Acting for “environment-harming” clients “not about access to justice”


Vaughan: Meatloaf Lawyering

Decisions taken by law firms to act for clients, including “environment-harming” fossil fuel companies and others, are not about access to justice or legal ethics, a leading academic has argued.

Professor Steven Vaughan said lawyers at big firms who use the phrase “everyone deserves legal advice” to justify taking on clients were often “deeply hypocritical” because they relied instead on “very personal, highly individualised, moral red lines”.

He went on: “The line ‘everyone deserves legal advice’ would be more palatable if lawyers actually acted on it. But they do not.”

Professor Vaughan, based at UCL Faculty of Laws, said that, during research on the issue, corporate finance partners repeatedly said it was “not their job to judge what their clients did”, that they were “simply neutral providers of advice”, and clients took the decisions on how to act.

“What was interesting, however, was that several interviewees, despite acting very happily for certain companies or industries (which others might have moral concerns about), still had their own very personal, highly individualised, moral red lines.”

In one example, a finance partner would “happily do tobacco defence work” but would struggle to act for a firm that wanted to build in a rainforest inhabited by gorillas.

In another, a partner said he did not care if a client used slave labour to make solar panels but would not act for gambling companies.

Professor Vaughan described this behaviour as ‘Meatloaf Lawyering’, in that many of the lawyers interviewed were saying: ‘I’ll do anything for my clients, but I won’t do that’.

His paperExistential ethics: Thinking hard about lawyer responsibility for clients’ environmental harms, expanded on his 2022 inaugural lecture The Unethical Environmental Lawyer.

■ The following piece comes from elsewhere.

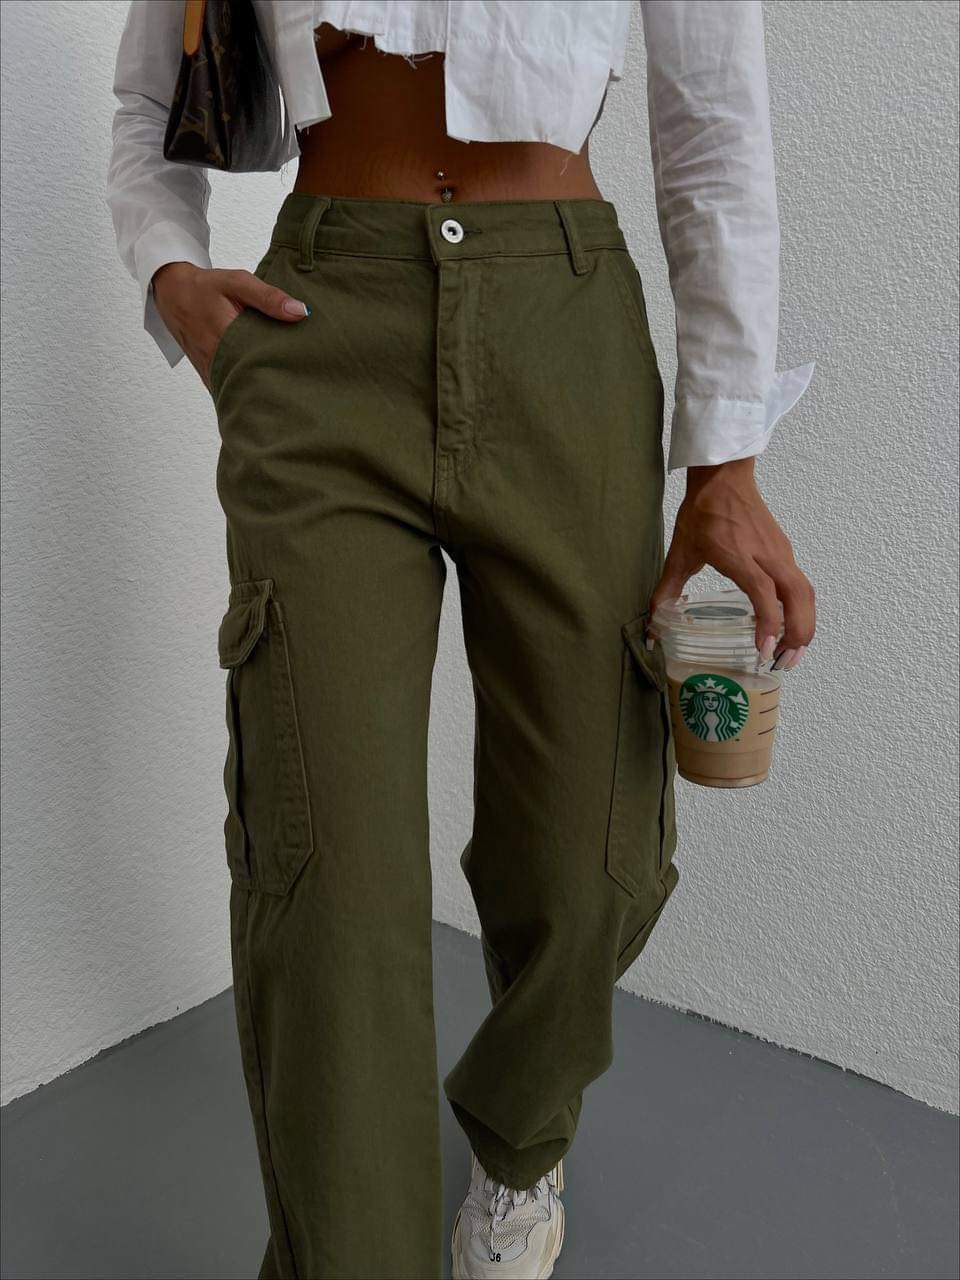 Cargo Pants Women Plus Size Casual Solid Color Comfy Mid Rise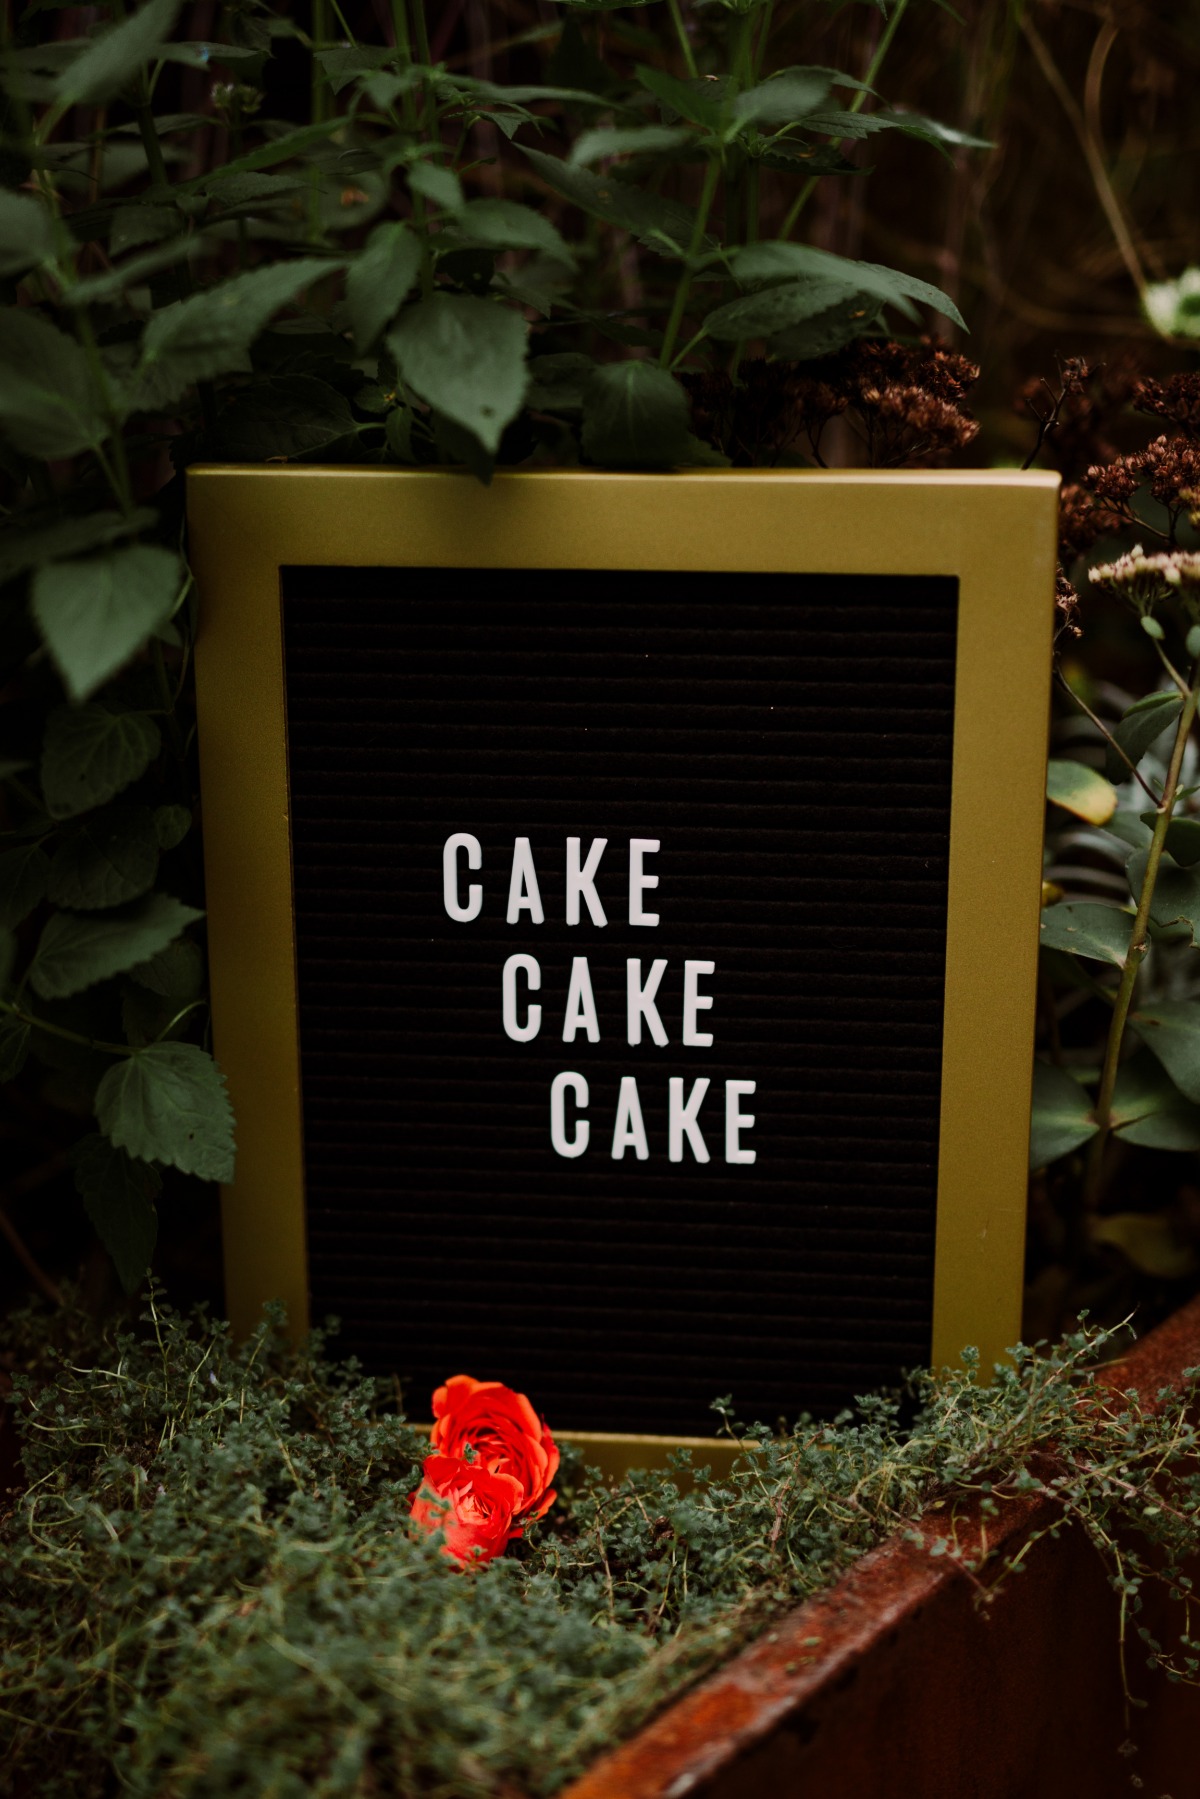 Cake cake cake

It is timely given the debate sparked by the Declaration of Conscience, in which signatories committed not to prosecute climate protestors or work for fossil fuel companies.

The professor said “the decision for a solicitor or law firm to take on a new matter for a new client is not one of legal ethics, but instead one of ordinary morality (i.e. morality away from any specific ethical obligations of certain role-holder professionals)”.

He went on: “The position is much the same when deciding whether or not to act for an existing client on a new matter, subject only to the complication of the law firm possibly being on the client’s panel of external legal advisers, and having won that place after a competitive pitching process.”

While the ethics of acting for a client who wished to use the law to harm the environment was complex, agreeing to take on a new client and/or new matter “should be rather simple for lawyers in ethical terms”.

He said that arguments about access to justice or everyone deserving legal advice “do not stand up to much scrutiny, especially in the context of legal work for large corporations that want to harm the environment”.

Professor Vaughan said it was “very much the active choice” of a large law firm whether to act for an “environment-harming” corporate client.

“Few clients of these large firms are taken on because of financial necessity (despite focus on ‘profits per equity partner’) or, I suspect, strong moral drivers.”

This led him to wonder how often “the vice of environmental harms and associated law firm profits” was dressed up by lawyers in large firms as “the professional virtue of providing neutral legal advice”.

He said the phrase ‘everyone deserves legal advice’ presupposed a legal system in which there was some form of equality of arms.

“The rule of law does not guarantee the right to any particular lawyer or any particular law firm (or, arguably, to a lawyer at all in civil cases), and there is nothing to suggest that a firm’s refusal to take on any given client or mandate is a particular matter of rule of law significance.”

Professor Vaughan added: “My goal here is not to engage in lawyer-shaming, to ‘saddle lawyers with moral blame if they provided legal assistance to a client bent on pursuing antisocial projects, and did so without violating any applicable standards of professional conduct’.

“It is instead to show how the actions of lawyers, as lawyers, in harming the environment may in fact be crossing (or at least rubbing up against) their professional codes of conduct and amount to unethical conduct.”